Reading of Ammeter for this circuit with Voltage Controlled Resistors

[Bling Fizikst]

Homework Statement

refer to image

Relevant Equations

refer to image

Let's say the elements connected in parallel have voltage drop of $V_x'$ each , hence they should have the same resistance $R_x'$as per the conditions of the problem (since it mentions that if voltage drop across an element is less than $1$ or greater than $1$ , it has some constant $R_x'$, i.e, $1$ and $2$ respectively) . Let the other element NOT connected in parallel have a voltage drop of $V_x$and resistance of $R_x$. We can easily deduce from here that $$i=\frac{V}{R_x+\frac{R_x'}{2}}$$ where $V$ is the voltage across the leads of the circuit . And hence , $$V_x=\frac{V R_x}{R_x+\frac{R_x'}{2}}$$ and $$V_x'=\frac{V\left(\frac{R_x'}{2}\right)}{R_x+\frac{R_x'}{2}}$$ . From the given graph , we can say , $$V=t , 0<t<10$$ and $$V=-t+20 , 10<t<20$$ . So , we have current as a function of time . But to write the resistances , all i can think of is make a ton of cases with $V_x<1$ and so on , but then it doesn't lead anywhere imo .

 

[BvU]

Hi,

So initially the $R_X$ are all 1 $\Omega$, right ?

Instead of 'a ton of cases': at what $t$ does an $R_X$ jump to 2 $\Omega$, and which one/ones is/are that ?

$\$

 

[Bling Fizikst]

Hi,

View attachment 351797

So initially the $R_X$ are all 1 $\Omega$, right ?

Instead of 'a ton of cases': at what $t$ does an $R_X$ jump to 2 $\Omega$, and which one/ones is/are that ?

$\$

Ok , i made these cases . let $(R_x,R_x')=(2,2),(1,2),(2,1),(1,1)$
For $(2,2)$ , we can conclude that the corresponding $V_x>1$ and $V_x'>1$
Solving for $V$ gives : $V>\frac{3}{2}$ and $V>3$ .
Hence , $V>3$
Now , if $t<10$ then , $V=t\in(3,10)$ and if $10<t<20$ then $10<t<17$.
Similarly , i did the calculations for the other three cases (I got a contradiction for $(1,2)$, so excluded that case) :

For $t\in(0,\frac{3}{2}) : i=\frac{2t}{3}$
For $t\in(\frac{3}{2},5] : i=\frac{2t}{5}$
For $t\in(3,10) : i=\frac{t}{3}$
For $t\in(10,17): i=\frac{20-t}{3}$
For $t\in[15,18.5): i=\frac{20-t}{\frac{5}{2}}$
For $t\in[18.5,20) : i=\frac{20-t}{\frac{3}{2}}$

Not sure what went wrong

 

[BvU]

The question was so simple, why did you ignore it ?

At $t=0$ you have a series circuit of $R_x$ on the left and $R_x// R_x = R_x/2$ on the right.
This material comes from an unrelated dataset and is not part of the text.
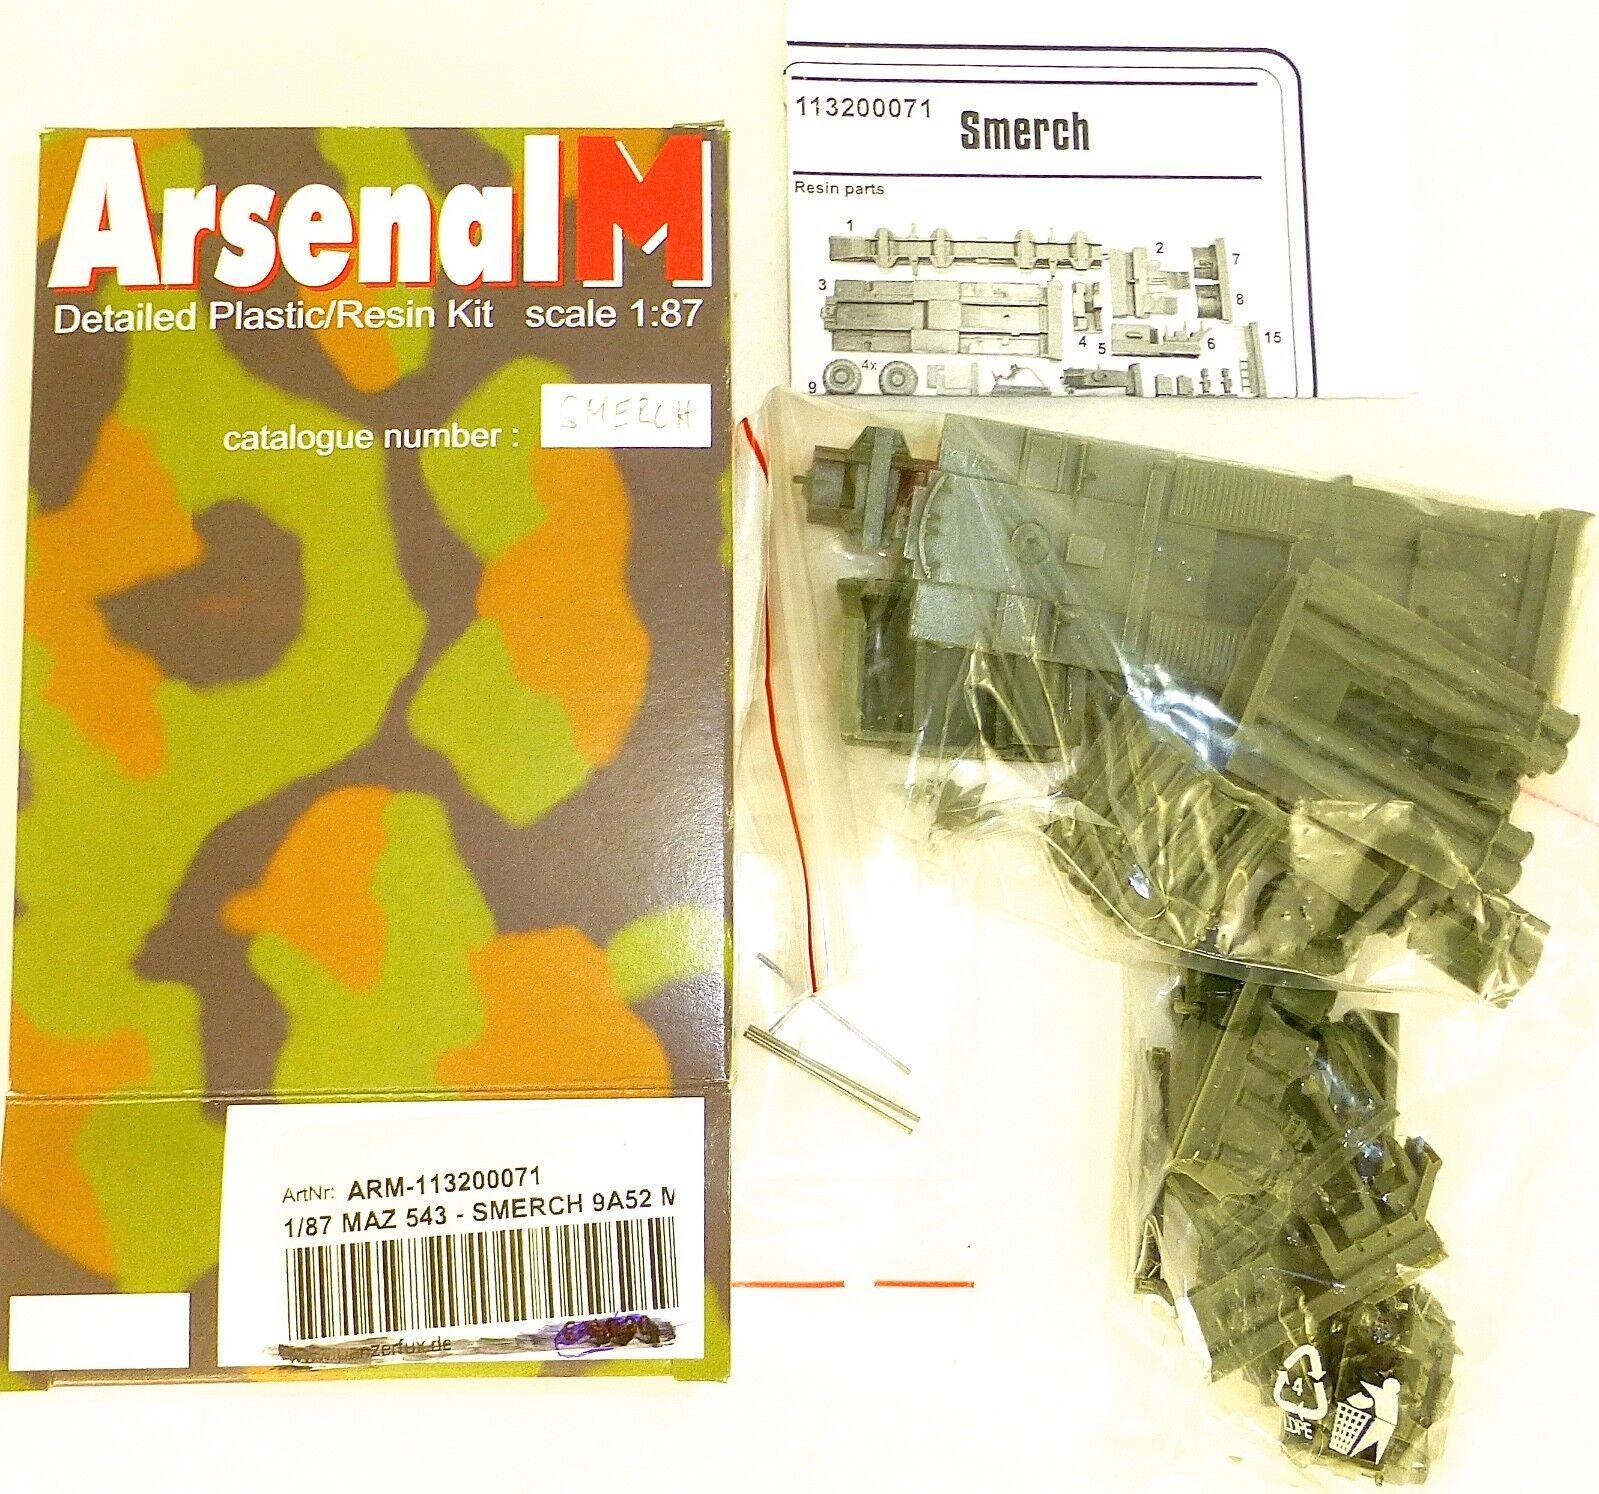 Maz 543 smerch 9A52 m arm 113200071 Arsenal m m m bausatz ungebaut 1 87 å 67a5a3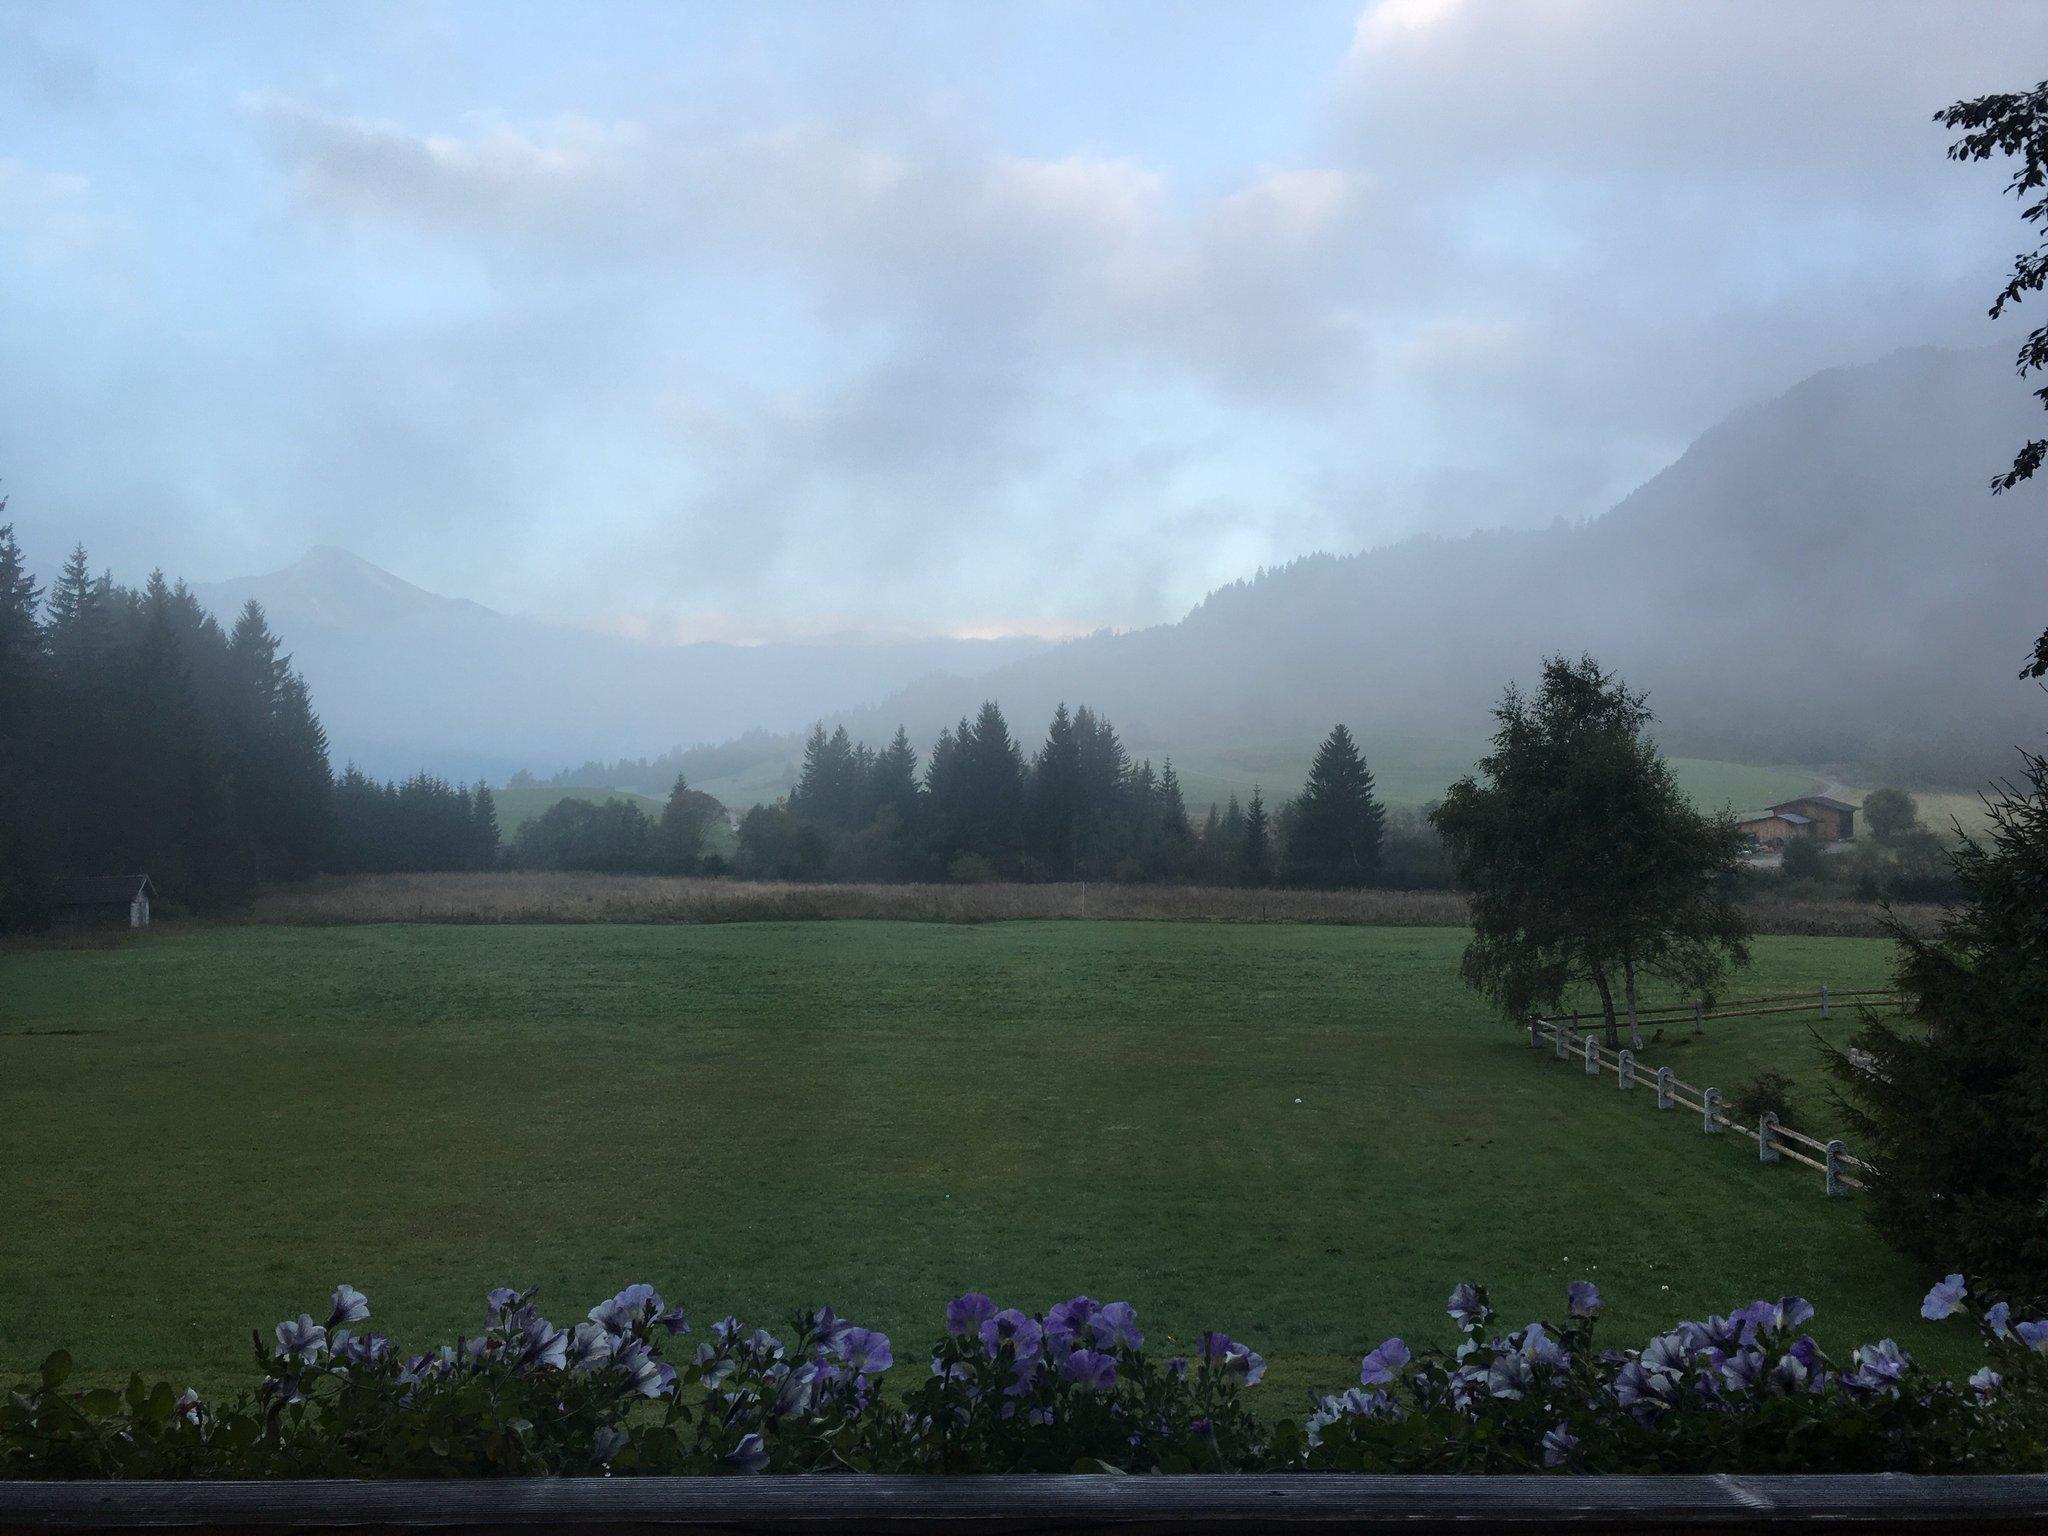 Guten Morgen aus dem #TannheimerTal #meurers #balkontweet https://t.co/nWR4RsIwKc

So with $V=t$ the current will behave as $I=t/1.5$ A.

When will the first resistance jump from 1 $\Omega$ to 2 $\Omega$ occur and where ?

[edit] oops, my bad. You have the first second and a half just fine.


$\$

 

[BvU]

Ok , i made these cases . let $(R_x,R_x')=(2,2),(1,2),(2,1),(1,1)$

What is $R_x'$ ?
[edit] Oh my, what am I a bad reader. Post #1 says it's the resistance of each of the two on the right.

For $t\in(0,\frac{3}{2}) : i=\frac{2t}{3}$
For $t\in(\frac{3}{2},5] : i=\frac{2t}{5}$

Ah, at $t = 3/2$ something happens: left $R_x$ jumps to 2 $\Omega$, so the current drops to 0.6 A, and the resistor jumps back, current up, etc etc. How long does this unstable situation last ?

Similarly: what happens at $t=5$ ?

For $t\in(3,10) : i=\frac{t}{3}$

Don't understand. You had something different around $t=3$

I see that for $t$ from 6 to 10 all $R_x$ are 2 $\Omega$, so there $i=\frac{t}{3}$ A.

But what from 5 to 6 seconds ?

Then: is this a mathematics exercise or a physics exercise ? In a physics situation the two resistors on the right don't 'jump' simultaneously, so the situation is even more complicated. ('My bad' was that I completely overlooked this unstability issue ).

$\$

 

[BvU]

Is this from an electric circuit olympics set of exercises ?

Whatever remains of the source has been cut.